According to Professor Sheremet, the study of unique physical-chemical properties of graphene oxide is still relevant despite many studies in the area. Graphene oxide has a graphene structure with attached oxygen-containing functional groups. The number of these groups strongly influences the properties of the material.

"The fewer oxygen groups remain on the surface of graphene oxide, the higher its reduction. This criterion influences whether the material will be hydrophilic and a dielectric due to polar groups, or it will be more similar to graphene, i.e. hydrophobic and a conductor," says TPU professor.
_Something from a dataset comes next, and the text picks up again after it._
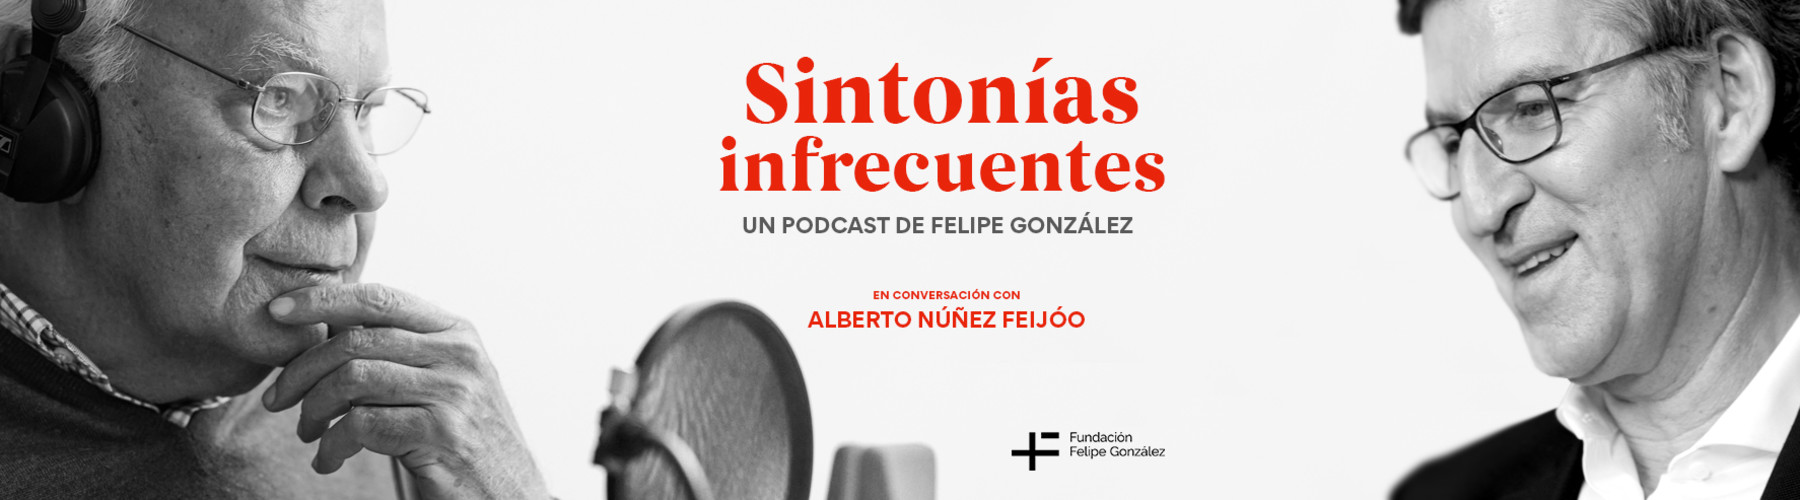 Felipe González y Alberto Núñez Feijóo conversan en el cuarto episodio de Sintonías infrecuentes, el podcast que el expresidente del Gobierno tiene en Podimo

There are several ways to evaluate the reduction, for example, X-ray photoelectron spectroscopy (XPS) and infrared spectroscopy. However, these methods work only with large areas of materials, whereas microregions are required to process graphene oxide to be applied in electronics. Therefore, TPU scientists investigate laser-reduced graphene oxide, the size of reduced areas can be less than several micrometers.

‘We were looking for a method that allowed us to obtain at least micron resolution, such as Raman spectroscopy,’ explains Evgeniya Sheremet.

Reduced graphene oxide (rGO) was obtained under different laser powers in the range from 0.1 to 10 mW. Then, the researchers investigated reduced areas by using Raman spectrometer and a joint current sensing atomic force microscopy (CSAFM). Raman spectroscopy is widely used for the study of many properties of carbon materials, especially graphene, including mechanical stress, the number of defects, and the type of alloying. However, existing approaches suitable for graphene do not work for graphene oxide since its lattice has a greater number of defects. The analytical methods lose sensitivity in this case.

‘Usually, first-order peaks are analyzed in carbon materials but for graphene oxide, they do not provide reliable results. Therefore, we analyzed the areas of high frequencies and found a clear pattern. The relative intensity of second-order peaks decreases with increasing the extent of reduction. Notably, there is a strong correlation with the conductivity of the material, i.e. we can use Raman signal to assess the reduction of graphene oxide. This is a more reliable method than the earlier proposed ones,’ emphasizes the professor.

Moreover, using nanospectroscopy approaches, this technique can be used for analyzing nanoscale areas.